From this point on, all references to section numbers are as for the new version.

Non-CRGS fixes:

Section 7 Paragraph 4 on territorial property, fixing up a mistake on vertical extents

Section 8 on freedom of movement: I was never satisfied with Paragraph 2 (it was rationalistic as well), so I fixed it.

Section 15: the distinction between the lowliest civilian police officer (who is an Officer) and the lowest-ranked military serviceman (who is not an Officer) also bugged me. I had a better think about the two and compared them, then identified what the essential difference was, along with better integration with the meaning of Officer in general (which others have noted is strangely absent from the US Constitution). It is now fixed: the decisions must involve at least some level of formulating principles, because the point of distinguishing an Officer from an employee is that any resident or citizen can be an employee while only citizens can be Officers and are held to a higher standard relating to knowledge of principles. Among other things, this allows young adults to enlist as soon as they can even prior to qualifying for citizenship.
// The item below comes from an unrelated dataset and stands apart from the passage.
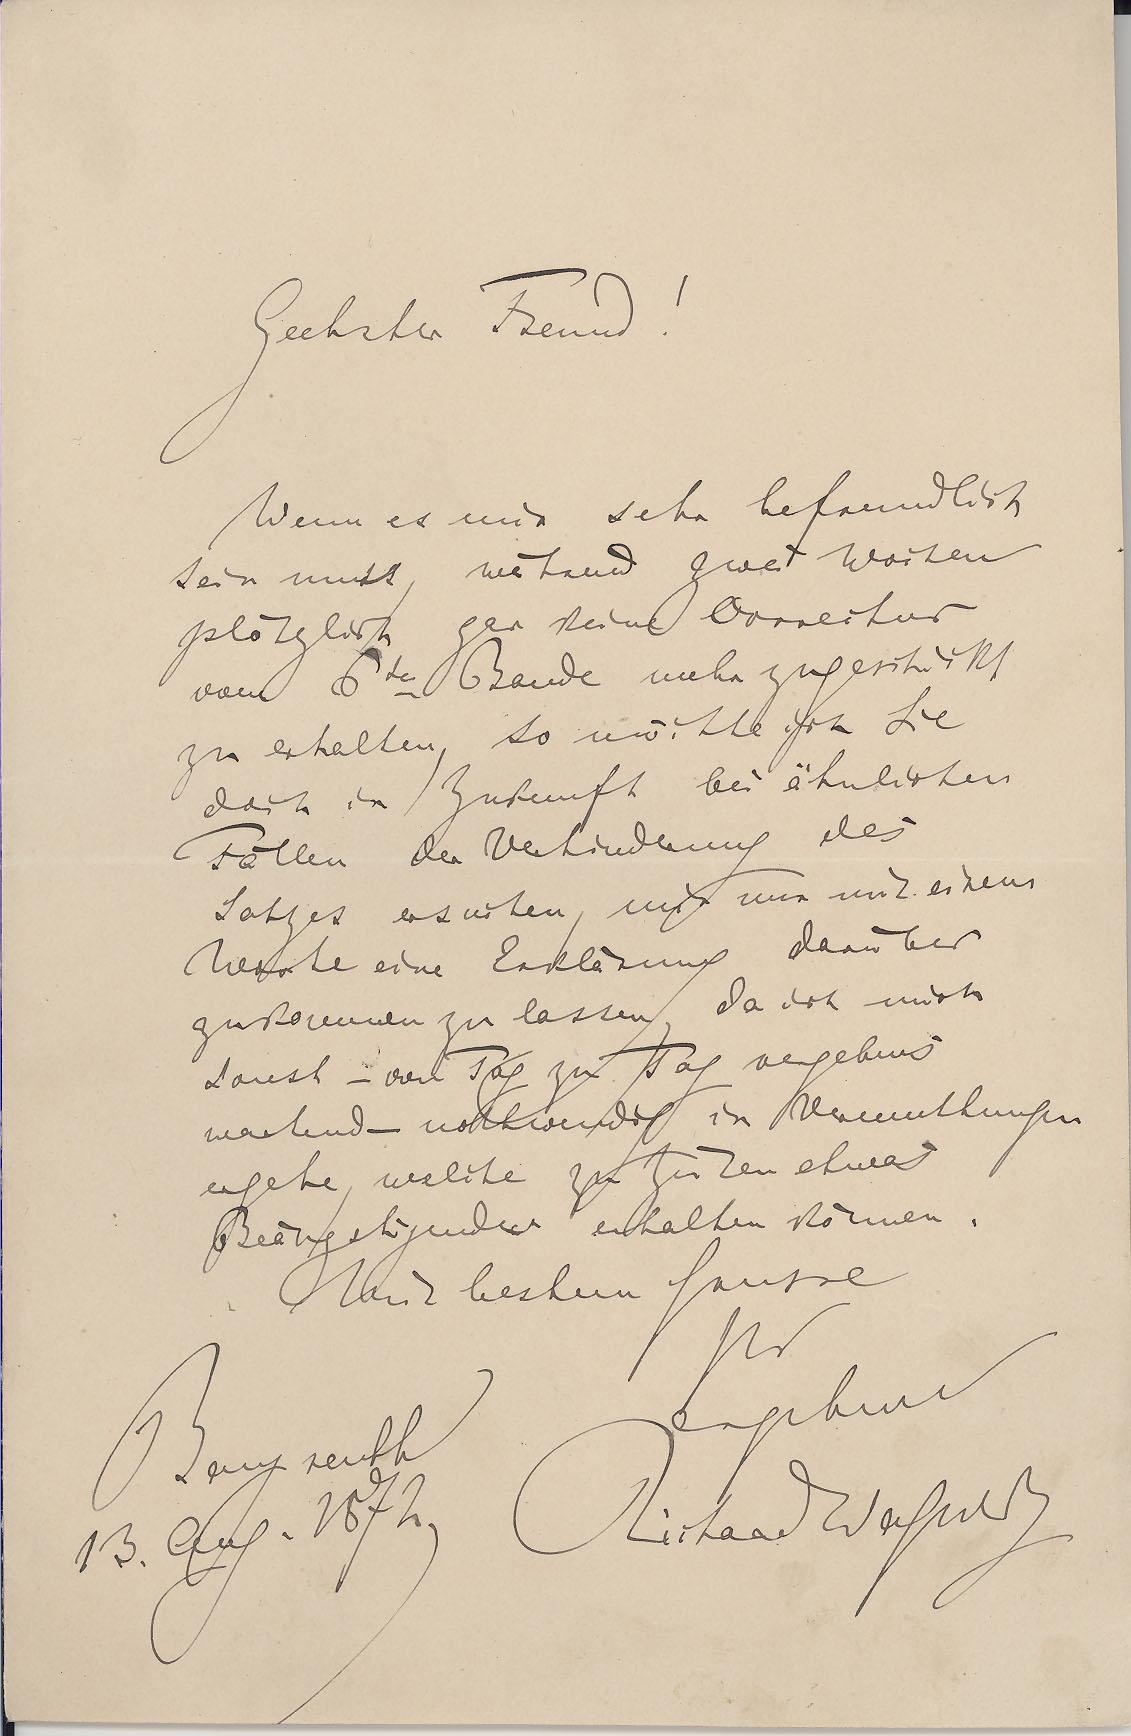 Richard Wagner, 1872. MS Thr 519, 2008TW-1027(1)

Section 17: simplification of false and misleading information, plus express reference to authority (hence for national security some people can be denied access to certain information and even lied to). For the purposes of counterespionage, it would take some form of probable cause reasonably identified by providers to be sufficient to withhold authority to know the truth and hence be secretly made subject to misinformation, eg to see what kind of false information gets improperly passed on to whom.

Section 19 Paragraph 3: clarified the principle for contradictory laws. Also, it should not have been the case that one jurisdiction could essentially dictate the meanings of words for all other jurisdictions simply by being the first to do so.

Section 19 Paragraphs 4 onward made more principles-oriented, in wholesale changes that removed some too-concrete specifications.

Section 20 Paragraph 1 made more version-oriented. A law that specifies a standard will now hold lists of the standards all the way back to the original, reflecting both the fact that the original standards may well be the subject-matter of existing contracts which law may not rightfully alter and that people should be free to make reference to whatever standard they choose in any agreement they make.

Section 21 is made simpler, removing reference to foreign jurisdictions and just letting military law take care of that issue.

Section 24 better integrated with the needs of Section 25, including reference to the issue of general warrants for arrest and detention.

Section 25 saw deletion of the general/specific distinction, and needed to reference to non-Officer law-enforcment people (primarily forensics personnel) entering property for their work.

Section 27 had the vague term "heinous" replaced with something less vague.

Section 33 has been cut down because the subject matter is more appropriately dealt with under national border protection, and the section renamed to match the remaining focus. The quarantine part remains under general civil rights rather than being moved to national issues because it also includes quarantine by the states and not just at the national borders.

Section 37 has had the pointless first paragraph removed, and the new first paragraph visually split up.

Section 42 has had added to it two lists of priorities for Rules of Engagement, plus disavowal of culpability for harm arising from reasonable action.

Section 48 was wholly redundant.

Section 63 needed a further caveat for admission to the Commonwealth.

Section 66 was broken up and had a new paragraph added for event of a lack of professionalism in the ACT government.

Section 67 now has a paragraph originally in section 110.

Section 80 now expressly allows automated recording and announcements, but counts must still be done by hand.

Section 93 needed principles on how detailed the financial reports should be.

Section 110 Paragraph 3 was broadened to cover the whole of the Federal Government, and moved to Section 67.

Section 132 needed protection of the core Great Departments and their powers.